After almost 7 decades of embargo combined with self inflicted wounds, it seems the industries, infrastructure and civil services are on the brink of catastrophe. Sewer, water, Energy, health and the continued brain drain of educated have taken their toll. CiberCuba: Cuba, Actualidad, Entretenimiento, Cultura, Deportes, Farándula y Opinión

Or is this all wrong, and they are hanging in there?
 
That website, ‘CiberCuba” exists in English: CiberCuba: Cuba, News, Entertainment, Culture, Sports, Celebrity Gossip and Opinion

It comes out of Spain and, according to a friend of mine whose work focuses on Cuba, does a credible job though not a scholarly one.

My news on Cuba tends to come by way of a source called Boz, short for James Bosworth, who is more of a clearing house on the island rather than a expert. I’ll ask my buddy if he can be specific though - I’m sure he has insight but I don’t think he’s been back to the island since before COVID.

From my standpoint it certainly looks like Cuba is in dire economic straits - planned power outages, long a fact of life in the countryside, are now regular in
 
Havana. Venezuela’s internal woes hurt Cuba energy wise to be sure.

There is now dissent on the Left to go with more Rightist criticism…and there has been protests for several years. The government and folks associated with it make up the well-off and most of them are white so there is also a growing sense of racial strife.

Will the government there fall? Doubtful, though it might untighten more of the rules on capitalist operations if Harris wins. A trump victory means hard times and continued oppression there I’d say,
 
I'll add here that when the Castro generation was aging they reached down and skipped a generation in tapping the next leaders so while that cadre is getting up in years they don't have octagenerians in many power roles but rather pretty dedicated and invested party players in their 50s and 60s running things. Canel, the "president" is 64 while Cruz, the Prime Minister is 61. All of the 'seconds' to that ruling class tend to be even younger, again, according to my friend.
 
There were some significant protests in Cuba back in March. For a while there, it looked like they may catch some traction, only for the government to come in and quash them with a rather heavy hand. Protestors were jailed or sent to exile; that included very light crimes of voicing protest on social media. The cuban intelligence services have helped quell protests in Nicaragua (2018) and Venezuela; they decided to apply some of their new tactics on their own population.
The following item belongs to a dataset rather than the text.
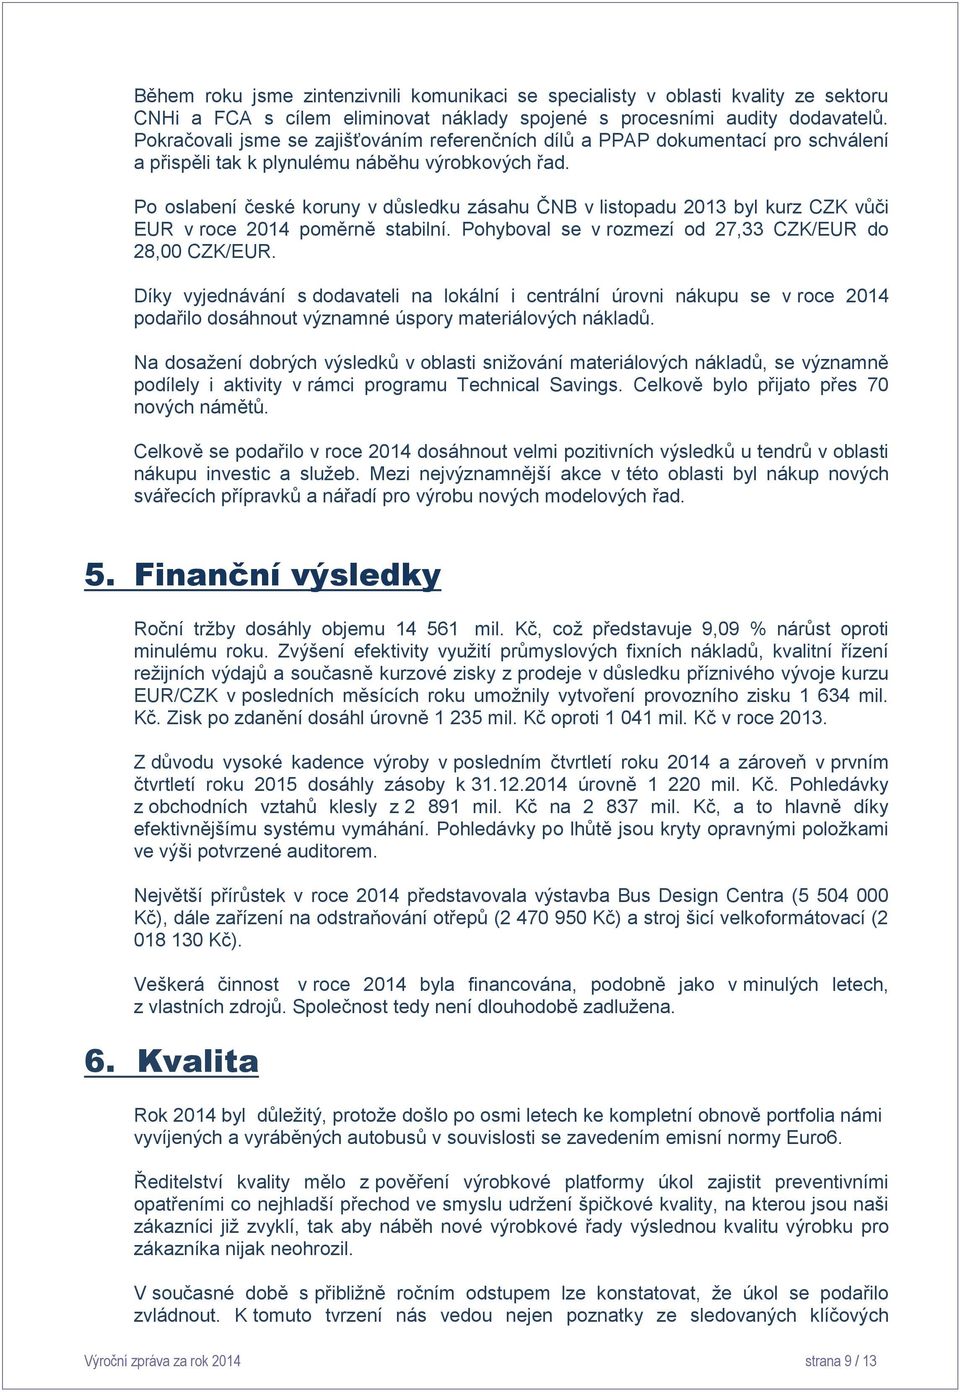 Po oslabení české koruny v důsledku zásahu ČNB v listopadu 2013 byl kurz CZK vůči EUR v roce 2014 poměrně stabilní. Pohyboval se v rozmezí od 27,33 CZK/EUR do 28,00 CZK/EUR.

The Cuban economy is in terrible shape. Crumbling infrastructure, outdated marxist policies, concentrated economy, brain drain, corruption...you name it...they fill the entire bingo card. They have been the country that has clung most stubbornly to the Marxist principles of the 1960's. They now depend on tourism (mostly from Europe) and remittances as their big revenue streams. At the end of the Obama regime it looked like we may have been on a slow path to normalization (something I've always advocated...replace the embargo with good ol' capitalism), but Trump violently reversed the course in a nod to the Cuban-American vote in SoFla. Biden didn't dare change things back (he had designs on a re-election).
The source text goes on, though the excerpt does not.